Defense Secretary Mark Esper told “like-minded” allies at a NATO defense ministerial in Brussels at the end of June that they should join the “broader maritime surveillance” campaign to have eyes on Iranian activities in the Persian Gulf region.
Around the same time, Pompeo began efforts to put together a vague-on-details Sentinel program, which he said at the time should include about 20 countries though any firm commitments were unclear.
Esper described Pompeo as being on the “front lines” of the effort as “we’re not trying to put a military coalition as much as a coalition writ large of like-minded allies who share our concerns about freedom of navigation, who share our concerns about Iran’s nuclear pursuits in the past, their missile technologies and, frankly, their malign activities in the region.”
Pompeo was pressed Monday on whether the U.S. pledge of protection applied to just U.S. ships, especially as Iran still holds 23 crew members of the Stena Impero after seizing the British-flagged tanker on July 19.
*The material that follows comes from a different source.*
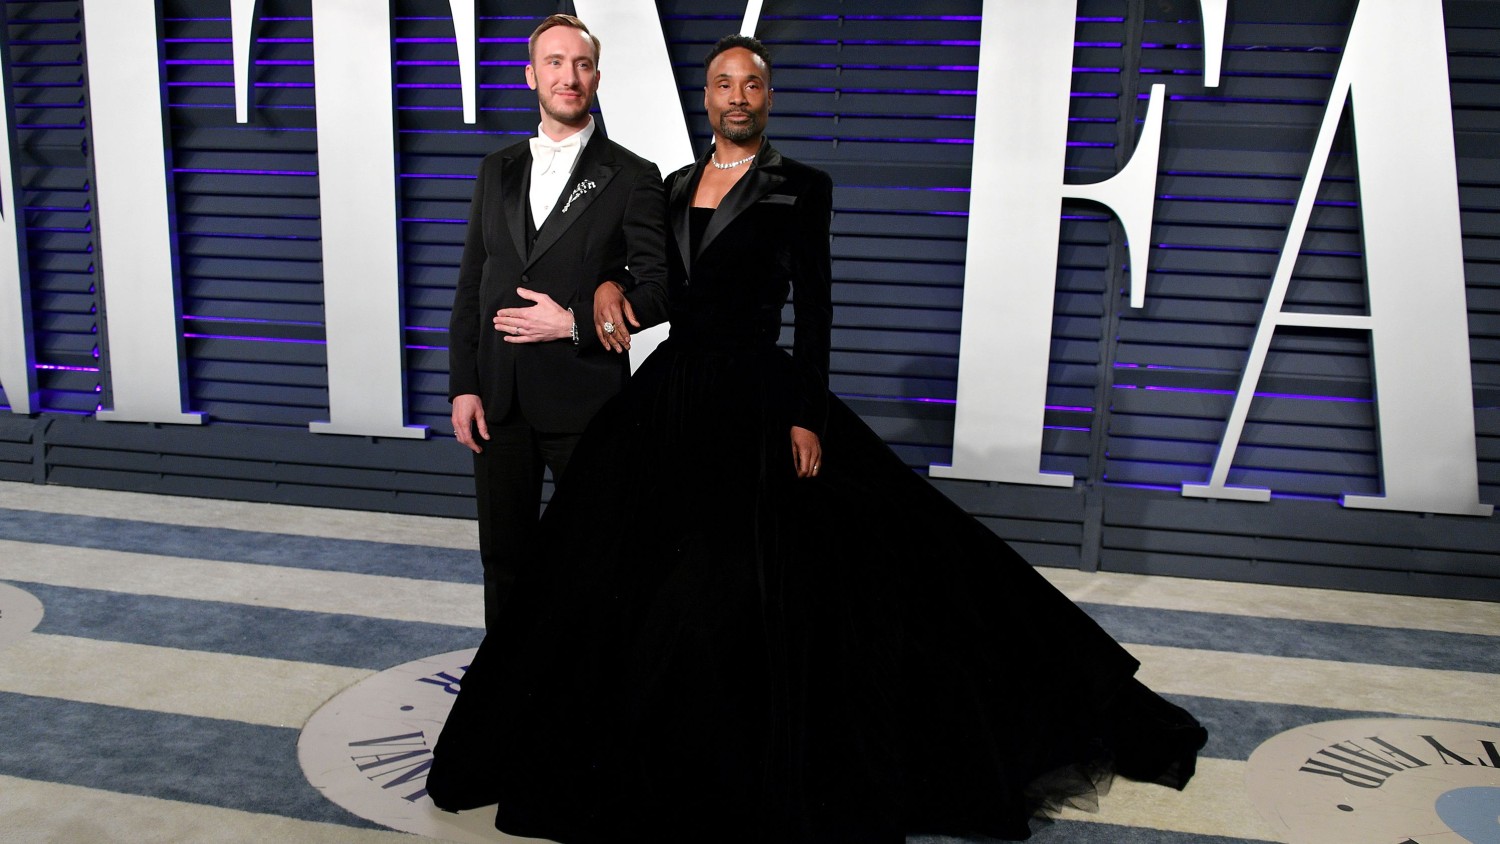 Dia Dipasupil/Getty Images | Adam Smith (L) and Billy Porter attend the 2019 Vanity Fair Oscar Party hosted by Radhika Jones at Wallis Annenberg Center for the Performing Arts on February 24, 2019 in Beverly Hills, California.
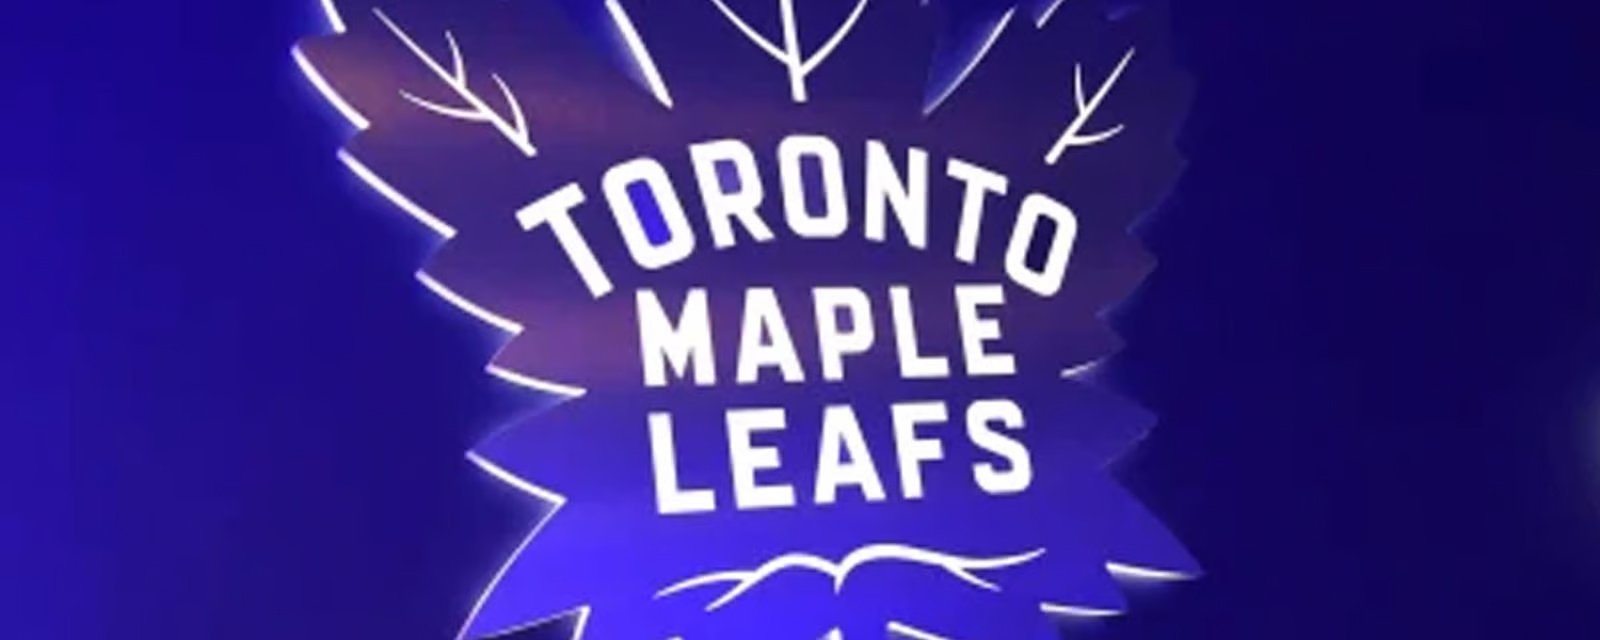 Maple Leafs go after two biggest free agent targets this offseason

“We are working — I was working with — I guess I’m now working with my third British foreign minister since I’ve been a secretary of State,” Pompeo said. “But working with the British to find the solution to both A, right that injustice, and second, prevent it from happening again, so to establish deterrence.”
Joint Chiefs Chairman Gen. Joseph Dunford told reporters in mid-July that “escorting in the normal course of events would be done by countries who have the same flag, so a ship that is flagged from a particular country would be escorted by that country.”
“The United States is uniquely capable of providing is some of the command and control, some of the intelligence, surveillance and reconnaissance, but the expectation is the actual patrolling and escorts would be done by others,” Dunford said.